A forest of marijuana! The spectacle before me gave new meaning to the term "weed." Some of the plants towered over my head while others clumped together at my feet. The vibrant lime-green leaves danced in the light breeze, reflecting scattered drops of sunlight that broke through the foliage of surrounding trees. We sat for some time and laughed, reveling in the moment. I felt like I had been transported to Leonardo Dicaprio's magical island in "The Beach." Our smiles disappeared, however, as footsteps crackled over a patch of dead leaves nearby.

It was a middle-aged man with a dirty white sheet covering his lower half. He was topless revealing a large belly escorted by a set of skinny arms. He walked nearer with his eyes half-closed, singing unrecognizable tidbits of a recent Bollywood (the Hollywood of India) movie song. As we stood there staring blankly, he took notice of us. Clearly surprised, his eyes opened as wide as they could, an impressive three-quarters. Then, to our great relief, a big smile broke out on his chubby face and his watery red eyes disappeared once again; hiding under puffy eyelids.



"You are smoking? Just now wanting smoking?" questioned the man in his broken English. He touched his pointer finger and thumb together in front of his mouth to demonstrate. We looked at each other and simultaneously shrugged. Not waiting for a reply, however, he turned and walked away, humming the same tune as before. Accustomed to unblinking stares, we found his renunciation attractive, and curiously followed him, pushing aside plants as we walked side by side. Tucked away in the center of the forest of marijuana was a small Shiva temple.
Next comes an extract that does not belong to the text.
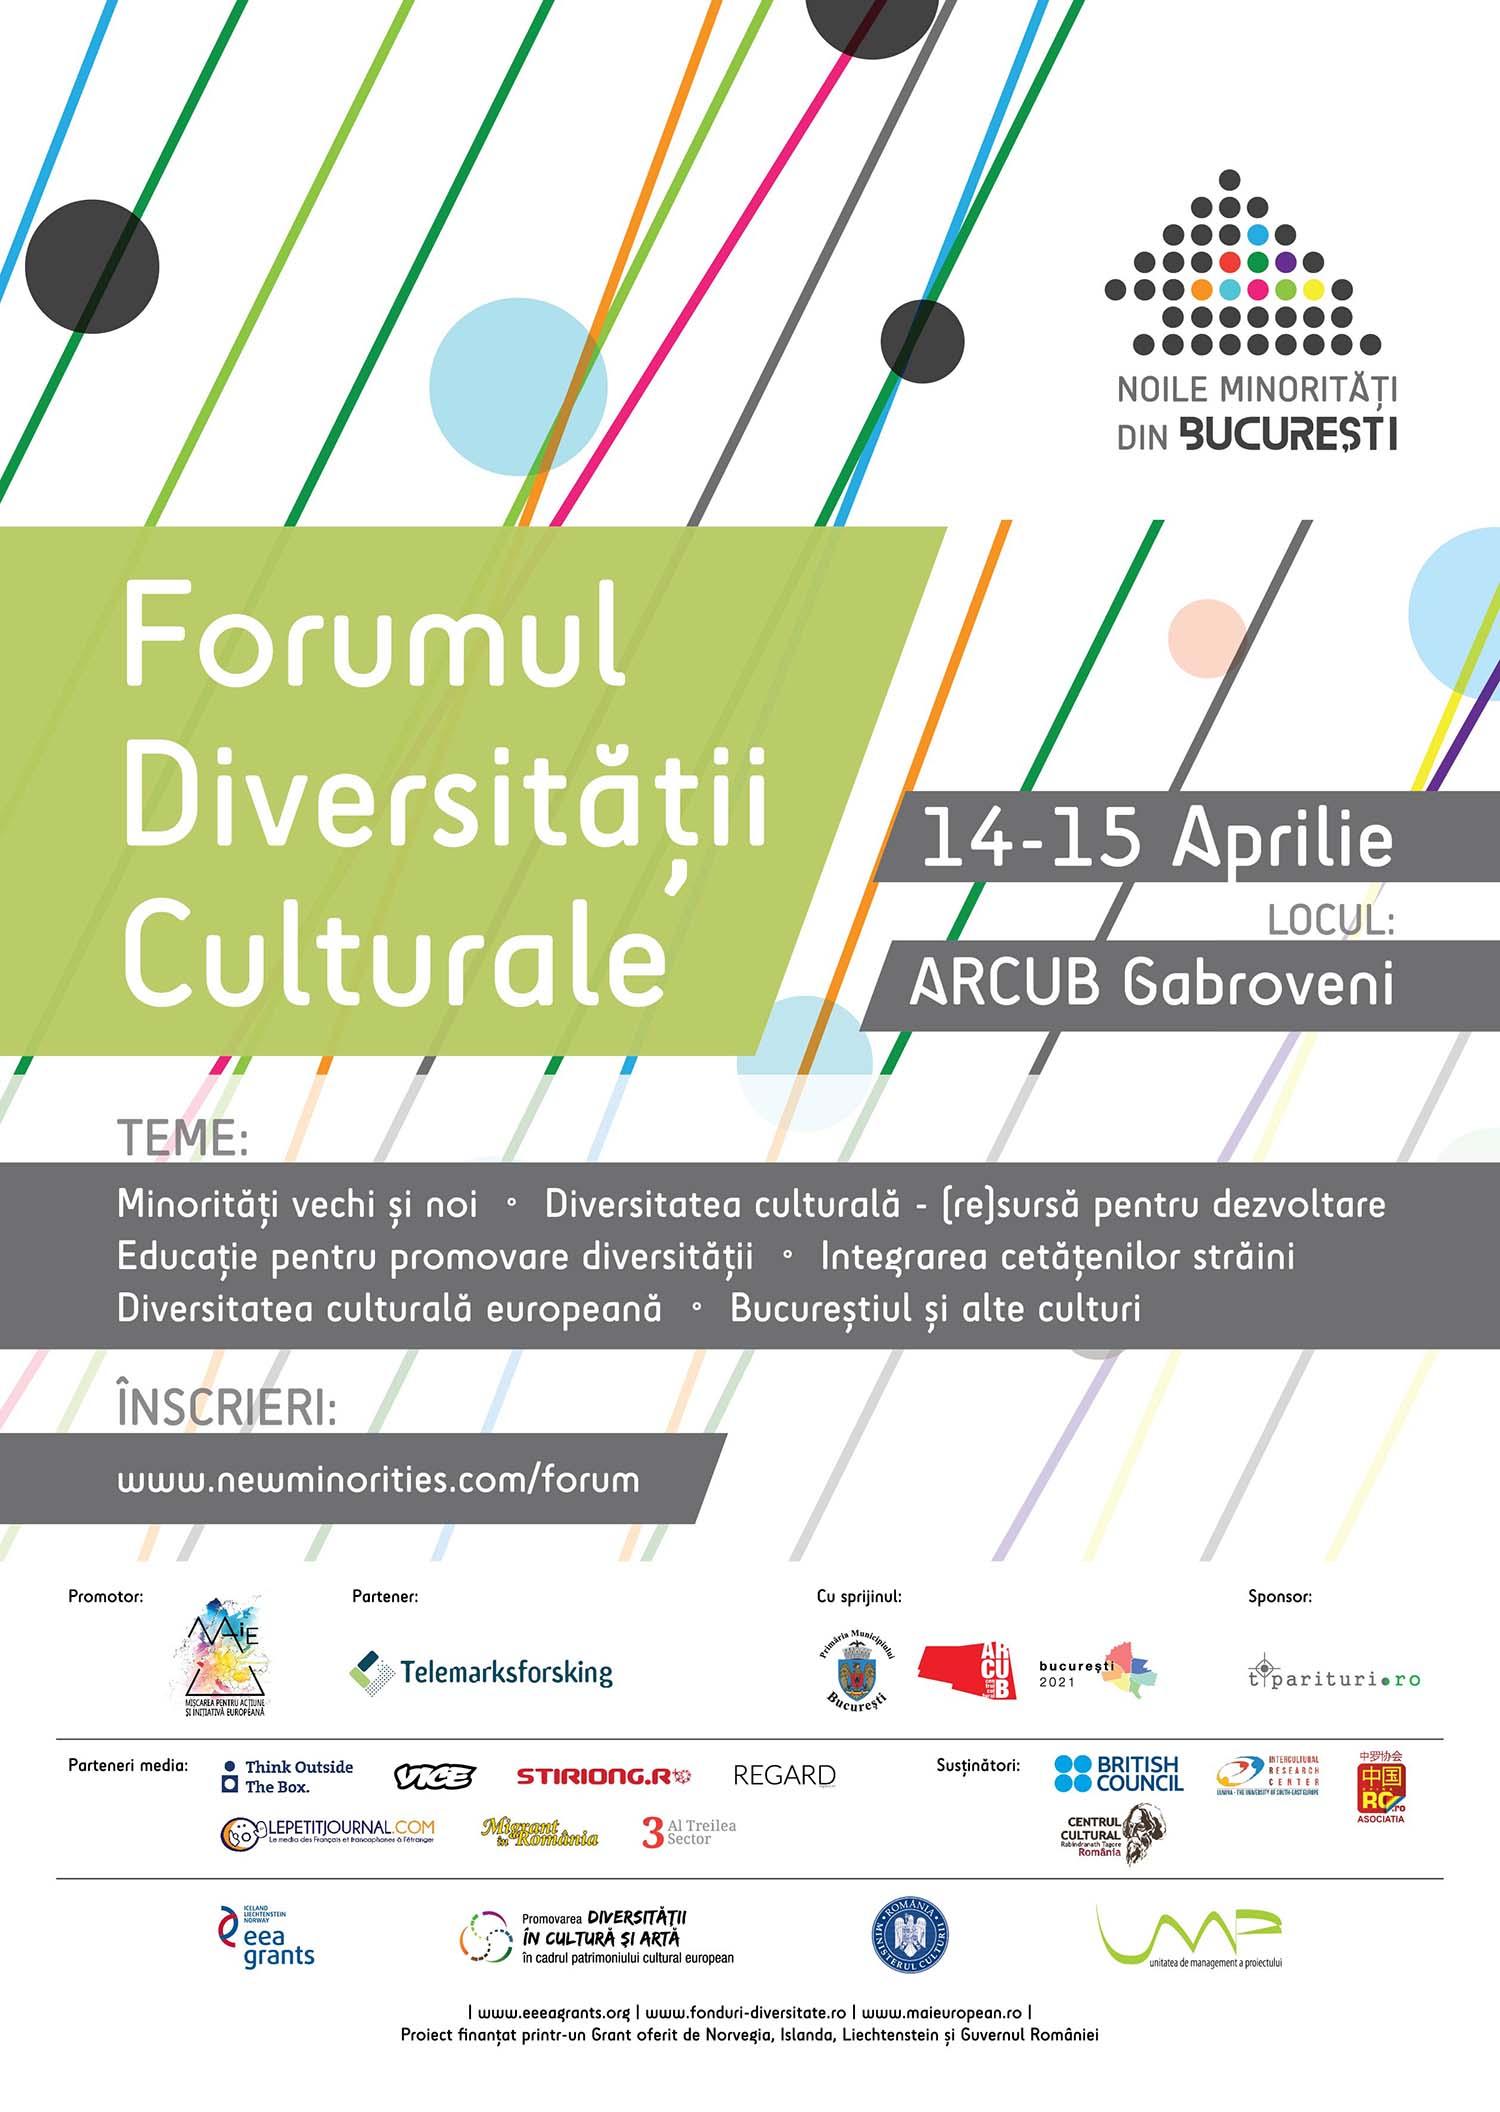 Forumul Diversitatii Culturale, 14 - 15 aprilie 2016

In front of the temple sat six babajis, holy men, passing around a small smoking device called a chillum.

They all waved us forward enthusiastically, each patting the space to his left indicating that we should sit there. We joined the circle and awkwardly sat down as a young boy ran up holding the bottom of his shirt up to his chest. When he let go a pile of dry marijuana buds and a little bag of hash tumbled out onto a piece of cloth in the middle of the circle. My friend and I looked at each other nervously. Neither of us smoked.

The chillum, a small clay funnel, was promptly packed and passed to my friend. We were all ready sitting, and they had taken the trouble of bringing us more bud. Thinking it impolite to refuse the gift my friend struggled to take a hit. After two or three fruitless attempts, however, he passed the chillum to his right, too embarrassed to look up. I laughed heartily along with the locals as the next in turn made a fist, expertly clutching the device between his ring and middle fingers close to his knuckles.

Holding the lighter over the top of the chillum with his left hand he inhaled through the small hole made by his pointer finger in the front of his fist. The flame dipped deep into the chillum and we heard a small crackling sound. He passed it to me as he continued to hold his breath. I copied what I had seen and saw the flame dip down as I inhaled. The second the smoke passed entered my throat, however, I involuntarily coughed directly into my fist.

The chillum was like a mini volcano erupting small particles of burning marijuana in all directions. I looked up at my friend as I flailed away at my shirt and pants. He was laughing so hard he fell over backwards. When the laughter died down we quietly excused ourselves to avoid further embarrassment. As we walked away I shook my head in disbelief at how easily the babajis had inhaled such large quantities of smoke. As if reading my mind, my friend turned to me with a smirk and said, "practice makes perfect."